▶ Supplied data:
Segment Open
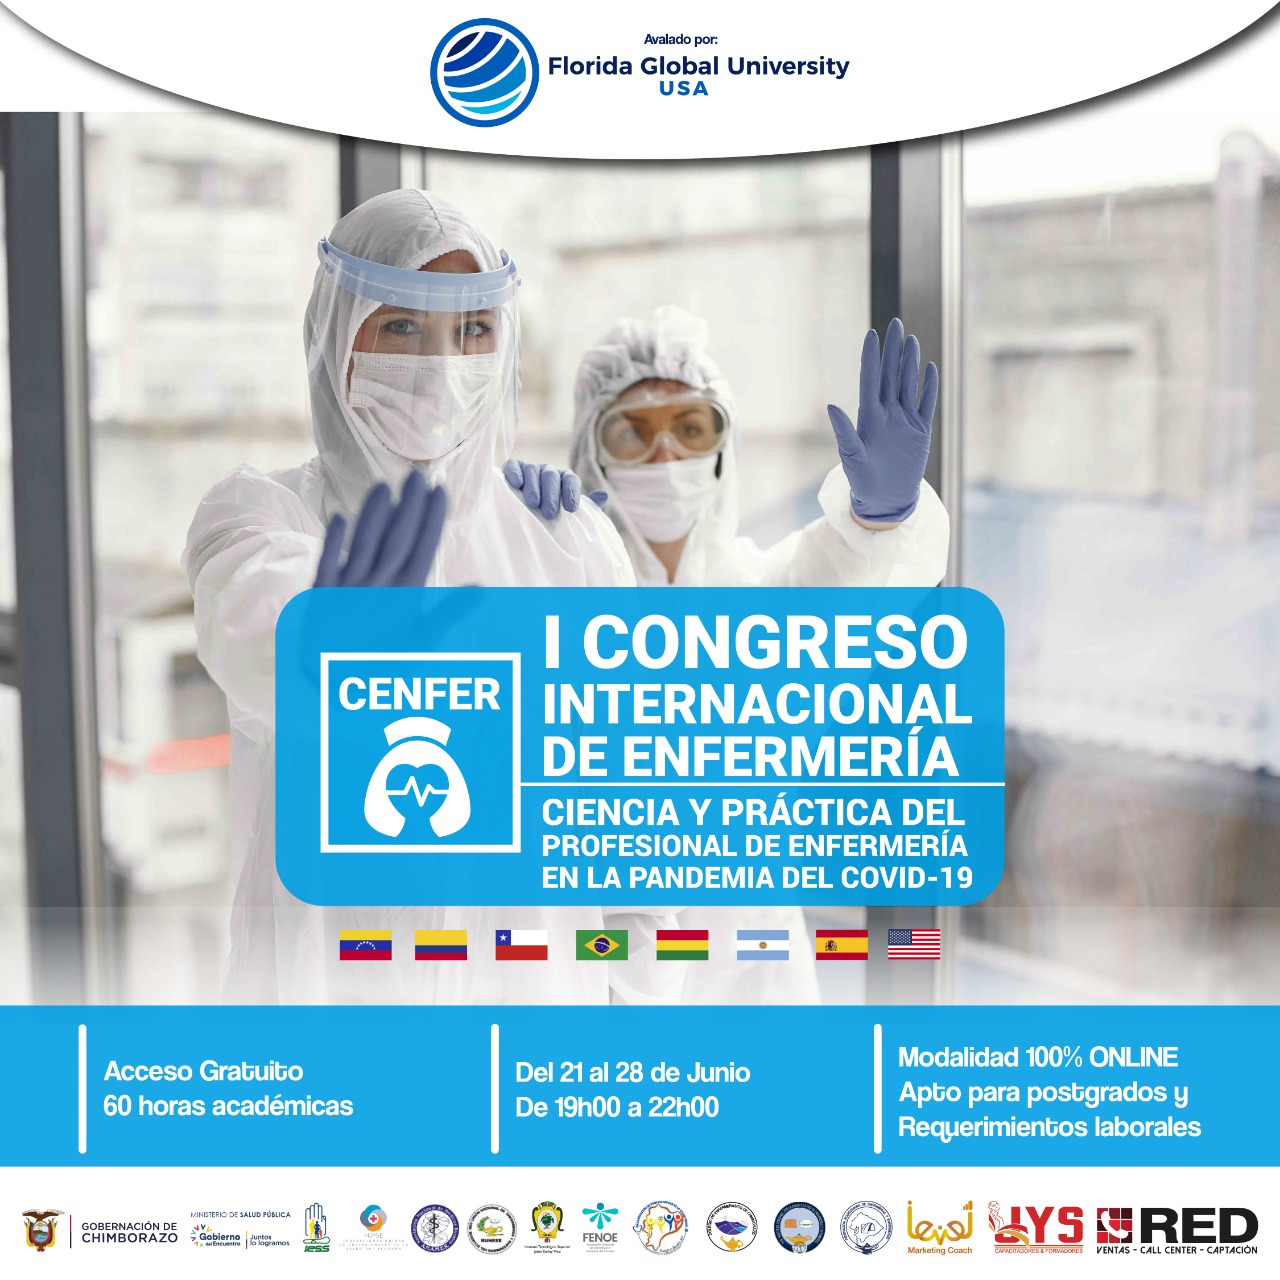 I Congreso Internacional de Enfermería - Ciencia y Práctica del Profesional de Enfermería en la Pandemia del COVID-19
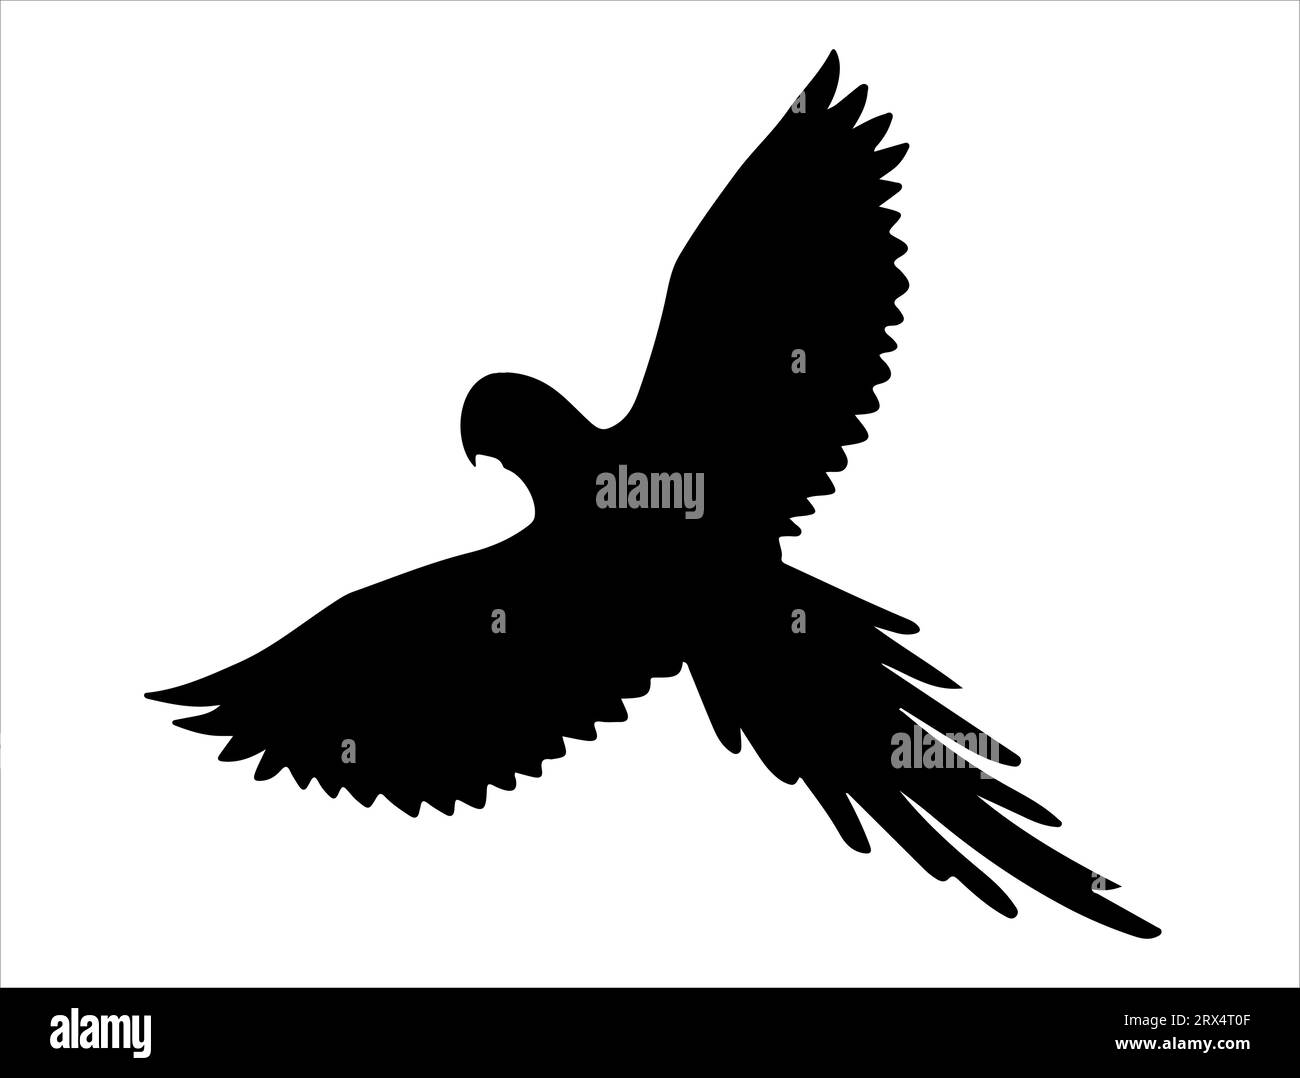 Parrot silhouette vector art white background Stock Vector Image & Art ...
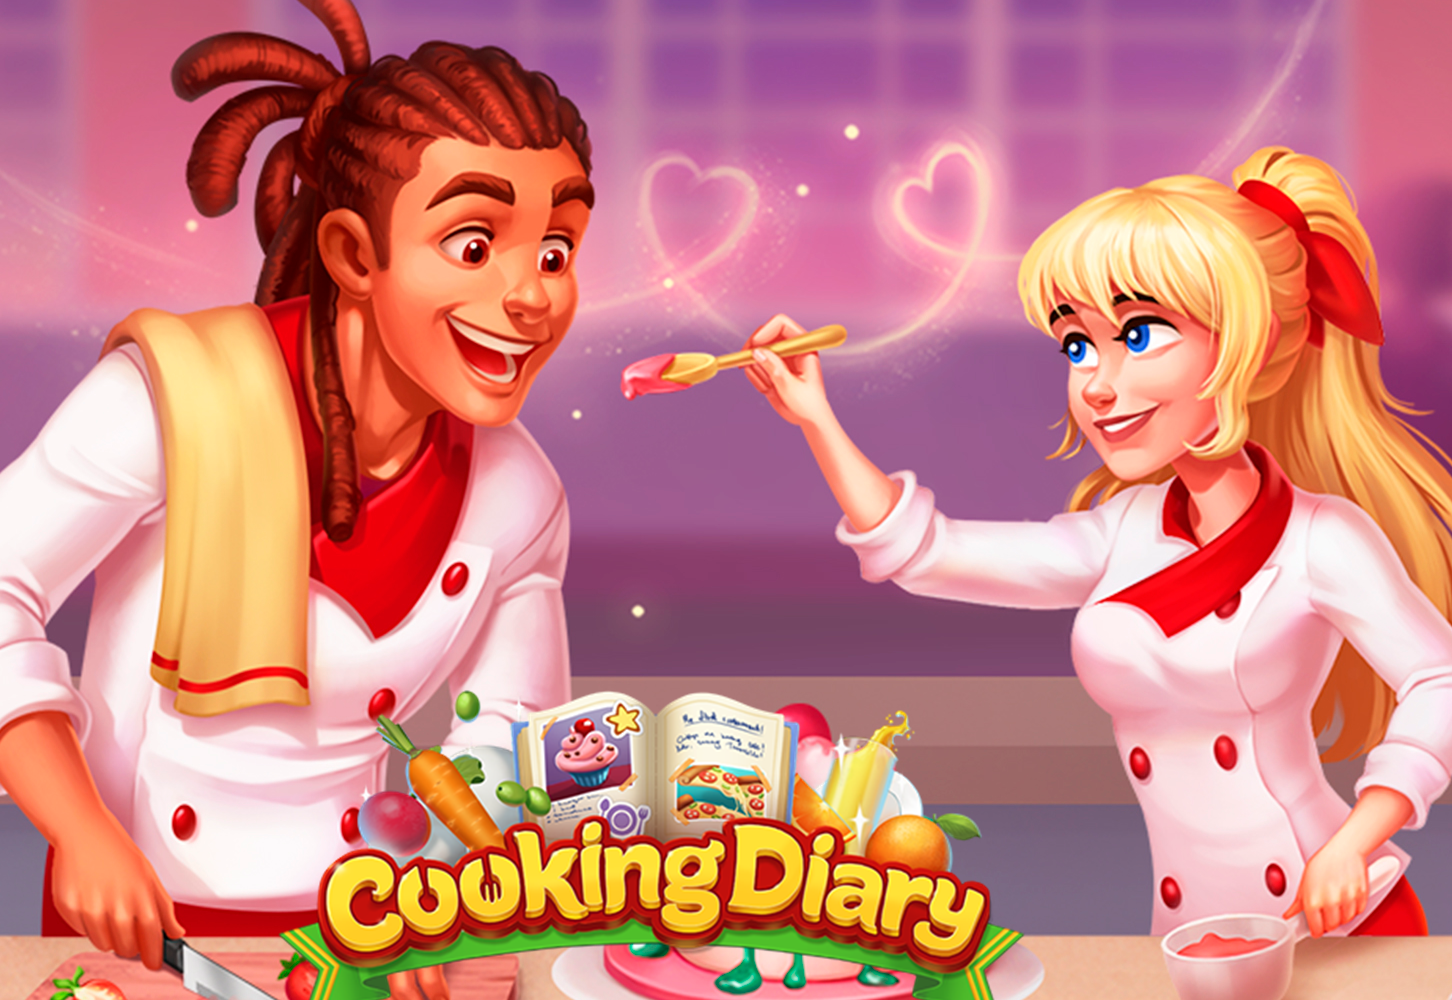 תהנה ממשחק הבישול הפופולרי ביותר בעולם עם החברים שלך עכשיו!
Segment Closed
▶ Work item:
Print all of the data exactly, and do not carry over any pictures.

▶ Solution:
 I Congreso Internacional de Enfermería - Ciencia y Práctica del Profesional de Enfermería en la Pandemia del COVID-19
 Parrot silhouette vector art white background Stock Vector Image & Art ...
 תהנה ממשחק הבישול הפופולרי ביותר בעולם עם החברים שלך עכשיו!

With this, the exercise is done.